[Work task] Without pictures, return the lines from the one containing "black butler movie poster" through the last line of the data below, exactly.

[Supplied data]
---+---
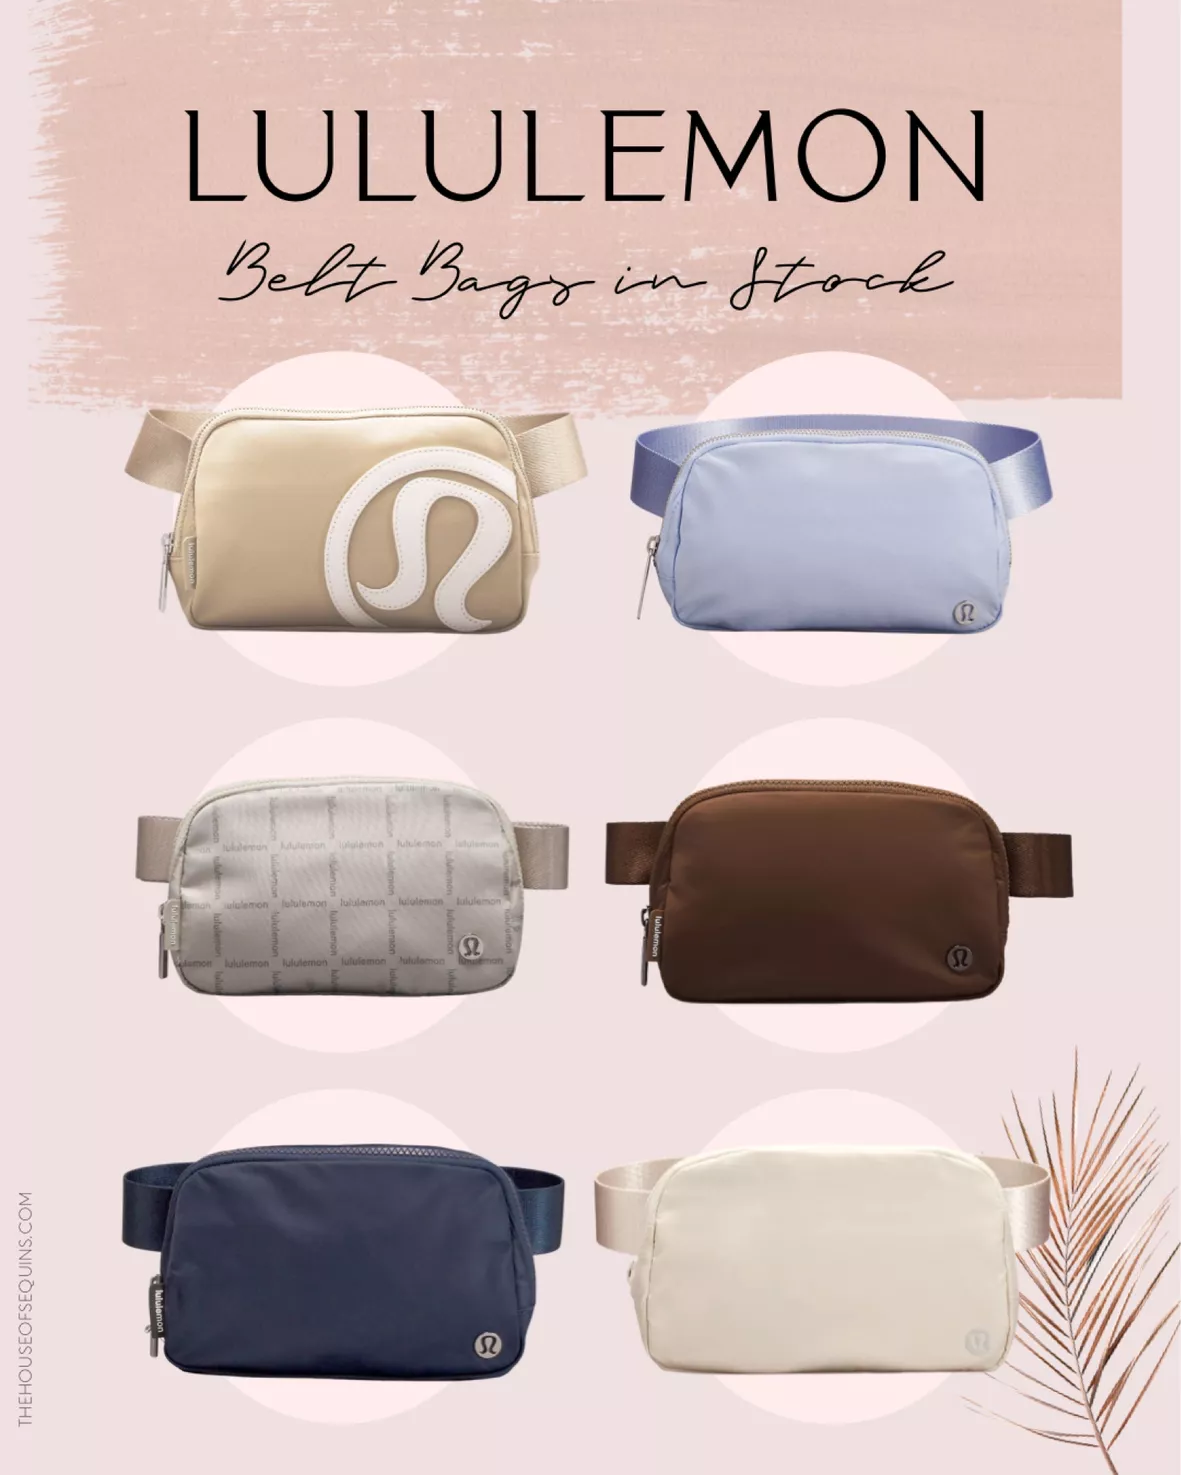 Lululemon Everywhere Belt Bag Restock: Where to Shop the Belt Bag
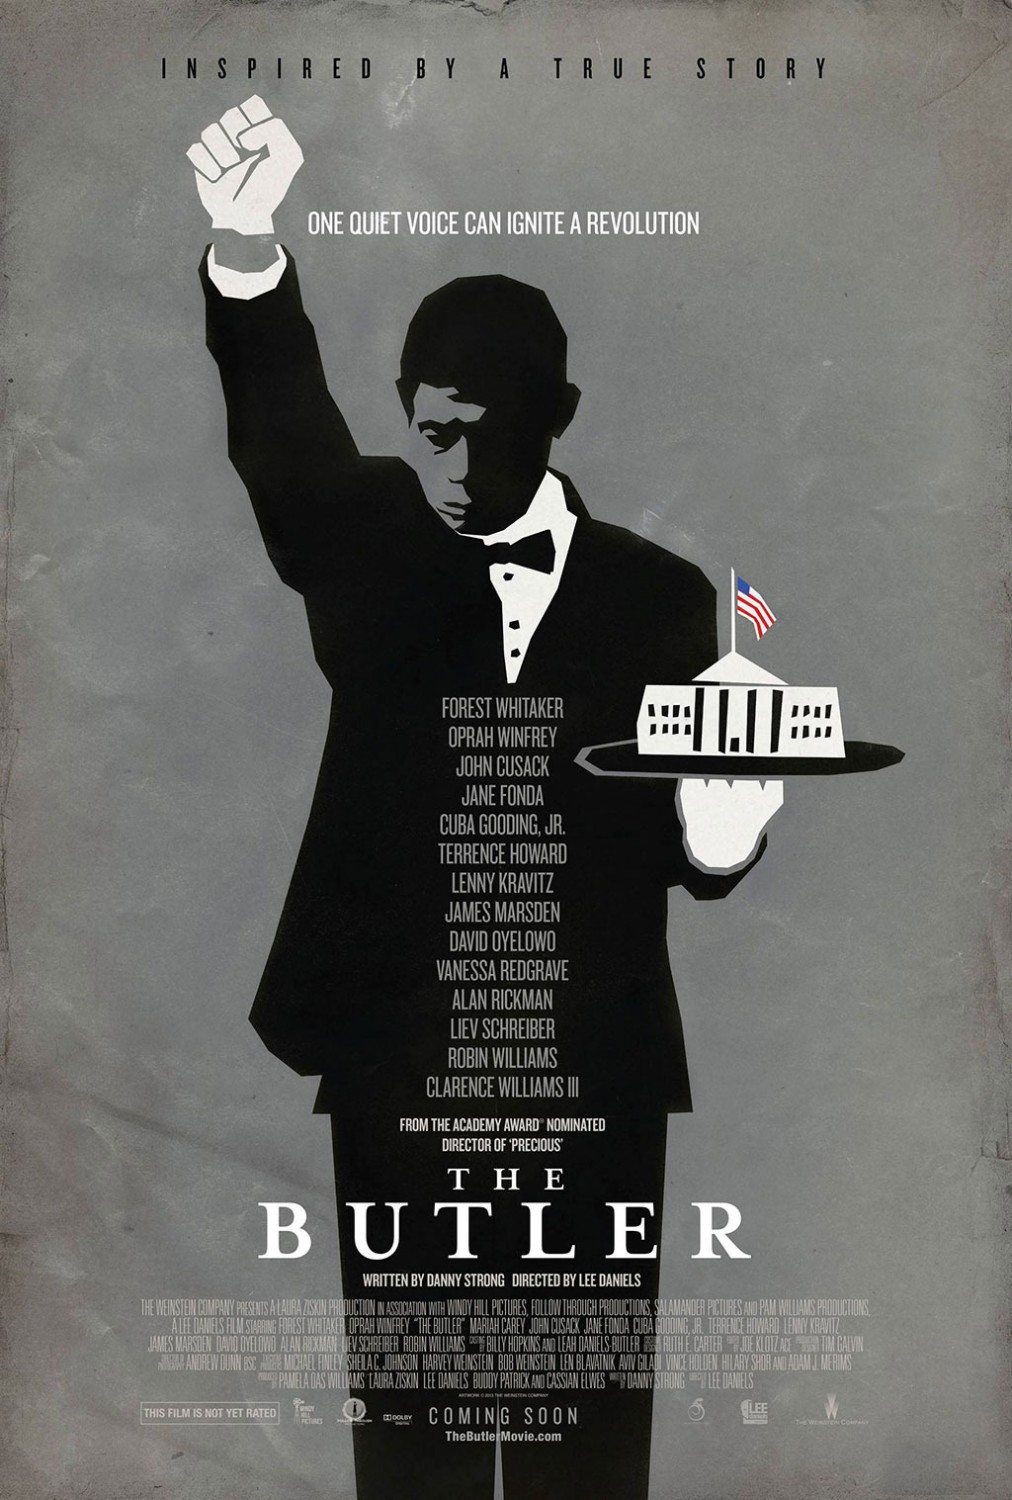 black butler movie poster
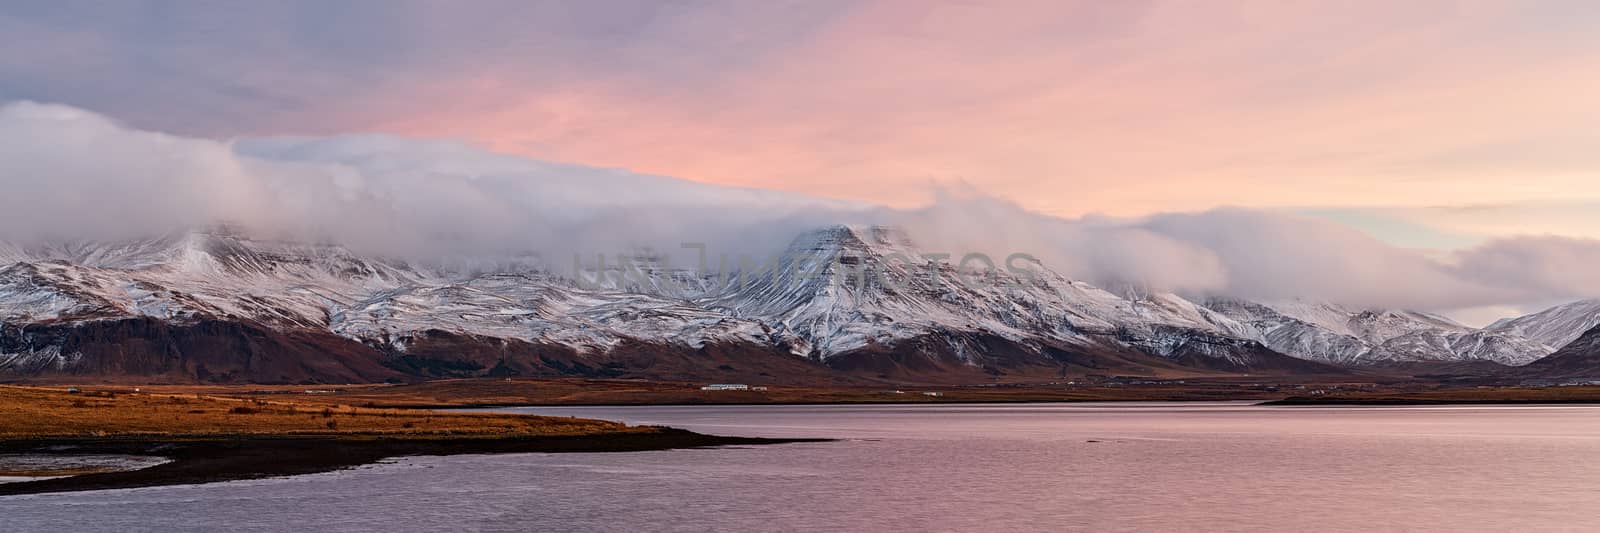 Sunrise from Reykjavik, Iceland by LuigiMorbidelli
---+---
[Reply]
 black butler movie poster
 Sunrise from Reykjavik, Iceland by LuigiMorbidelli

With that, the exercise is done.